Daily Archives: May 26, 2018

Scottish Prisoners of War in Salem

One of the most impressive historical remembrance projects of recent years is the Scottish Soldiers Project initiated by the University of Durham’s Department of Archaeology after human remains were found in mass graves on the grounds of Durham Cathedral in 2013. After intensive archaeological and documentary analysis, it was confirmed that these were the remains of the prisoners of war transported from Scotland after one of the British Civil Wars’ bloodiest battles, the Battle of Dunbar, a hour-long rout which occurred on September 3, 1650. Following their defeat by Oliver Cromwell’s well-seasoned troops, thousands of Scottish prisoners of war embarked on a death march to Durham, where (if they survived) they would experience disease and deprivation, with as many as 1700 men dying over the next year. These are the bodies buried in unmarked graves uncovered five years ago, and re-interred in a much more respectful ceremony just last week. A smaller group of Dunbar survivors—about 150 men–escaped the exhaustive miseries of Durham through another kind of  turmoil: transport across the Atlantic into indentured servitude in the New World.
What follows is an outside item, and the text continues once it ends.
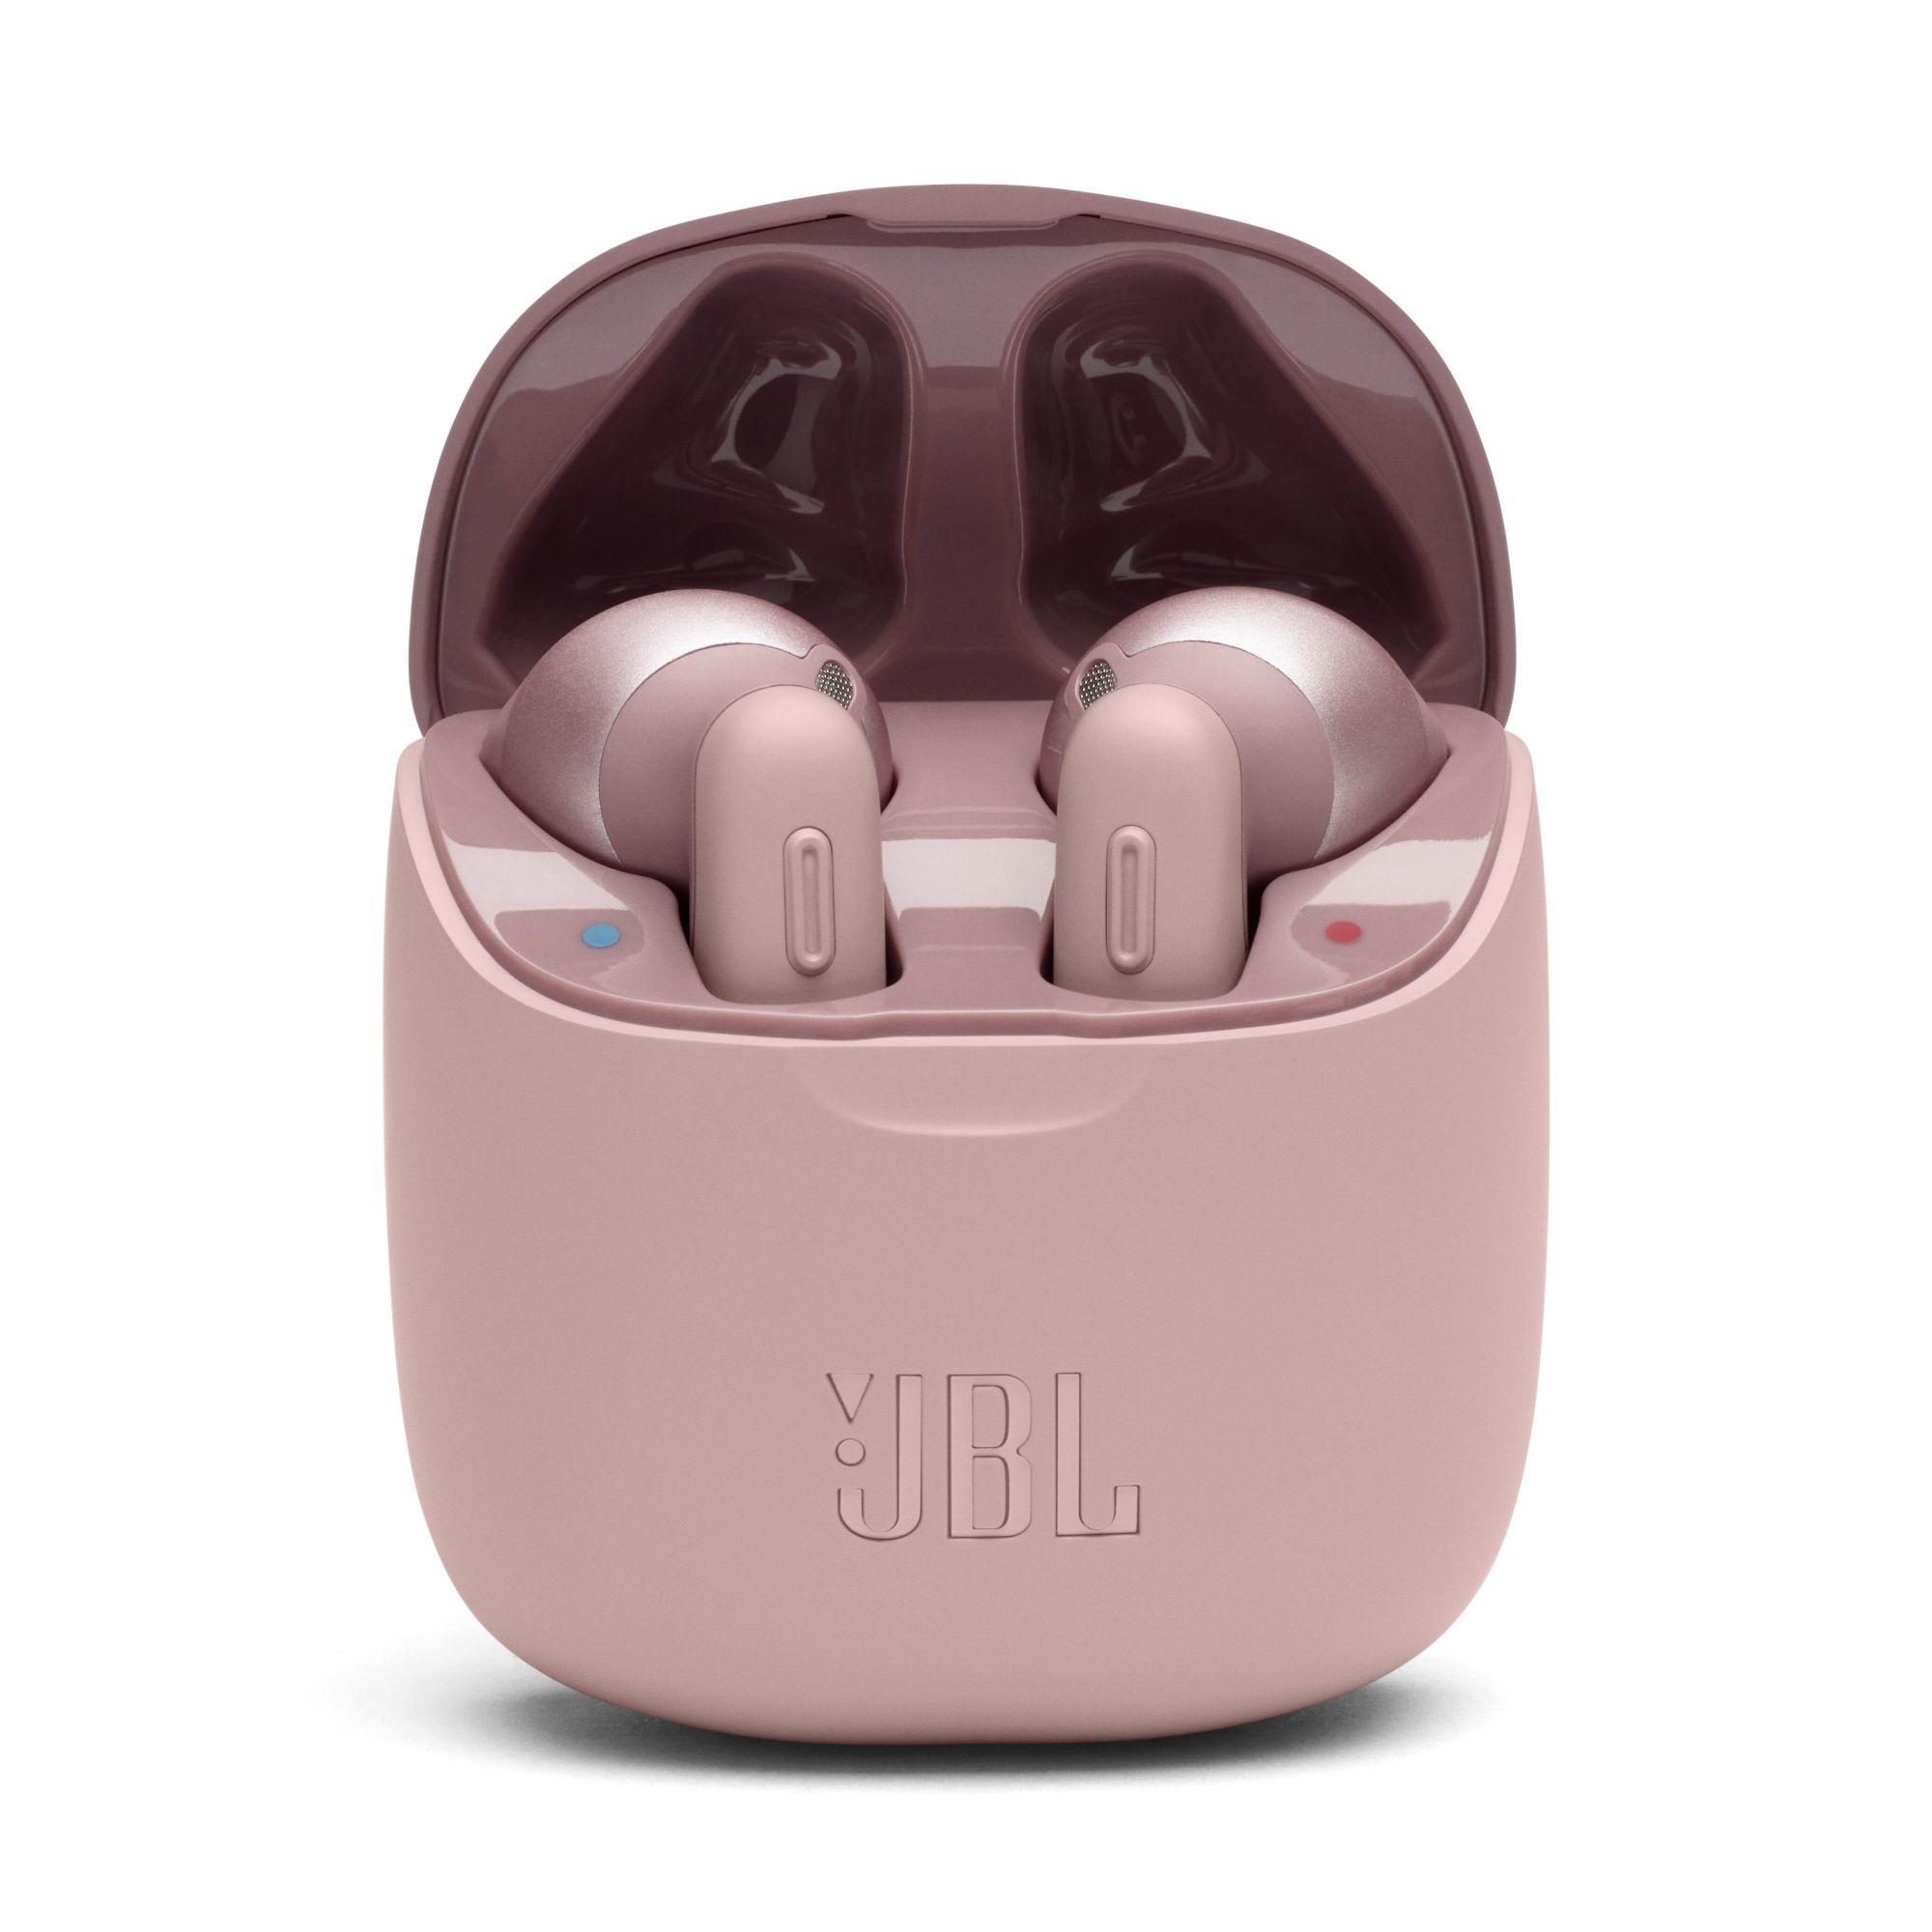 Zamiast AirPodsów: JBL przedstawia kolorową alternatywę dla słuchawek Apple

Following the English Revolution’s very last battle, the Battle of Worcester (exactly one year to the day later), more Scottish captives followed in their wake.

Scottish Prisoners of War Dunbar 1661 BM

Scottish Prisoners Worcester Dutch 1661 BM

Scottish Prisoners BodiesofEvidencewebsiteimage

Scottish Prisoners Burial1661 Dutch prints of the Battles of Dunbar and Worcester a decade before, British Museum; the remains near Durham Cathedral, and the reburial ceremony on May 18, BBC News.

As you can read on the project blog, an initiative that began as scholarly, and even scientific, became and remains very personal, assimilating the contributions of thousands (?) of descendants of the Scottish prisoners in the United States, and most particularly here in New England, as a band of Dunbar survivors were transported to Massachusetts Bay where they began their North American lives as bond labor at the Saugus (then Hammersmith) Iron Works north of Boston or in sawmills in southern Maine. Another 272 men were transported to Massachusetts as “servants” in November of 1651, and dispensed to their “positions” by Charlestown merchant Thomas Kemble. After these Scottish prisoners of war served their terms of 6-8 years of forced labor, they were free to establish new lives elsewhere—and so they contributed to an evolving New British community and identity.

OLYMPUS DIGITAL CAMERA Saugus Iron Works National Historic Site.

At least four of the seventeenth-century Scottish prisoners of war found their way to Salem after their indentures were completed: Allester Mackmallen (Alester M’Milan) came to Salem in 1657 and never left, as did apparently his neighbor from back home, Allister Greimes (Grimes), George Darling operated a tavern in the vicinity of “Coy Pond” on the Salem-Marblehead line, and Philip McIntire settled ultimately in nearby Reading but was notably the great-great-grandfather of Salem’s iconic architect, Samuel McIntire. All of these men were imprisoned at Dunbar and marched to Durham–and beyond. My colleague Emerson Baker contributed to the Scottish Soldiers Project in a big way, and while he notes their original “alien” identity in Puritan Massachusetts, he also recognizes their ability to succeed and assimilate, particularly in the southern Maine region which would become known as “Berwick” after the town adjacent to Dunbar. It’s the same for the Scottish soldiers of Salem: though Greimes would be the beneficiary of public charity during the final years of his life, both Mackmallen and Darling left considerable property to their heirs. There’s a Darling Street in Marblehead and a whole historic district named after Samuel (and Philip) McIntire. These prisoners of war made their mark, in a world not of their choosing.

Scottish Prisoners Essex Antiquarian Volume 13

Mcintire collageThe Darling property in Sidney Perley’s Essex Antiquarian, Volume 13; Prints of Benjamin Blyth’s pastel portrait of Samuel McIntire, 1786, and McIntire’s rendering of the Ezekiel Hersey Derby House on Essex Street–originals in the Peabody Essex Museum, of course.

Appendix: The site manage of Historic New England’s Boardman House tells me that it was long identified as the “Scotch House” and the barracks for the Scottish prisoners of war working at the nearby Iron Works. It was actually built in 1692, on a site adjacent to where the real barracks was situated.

Scotch House

The Scotch House MarkerBoardman House and Mass. Tercentenary Commission marker, 1930s, Library of Congress.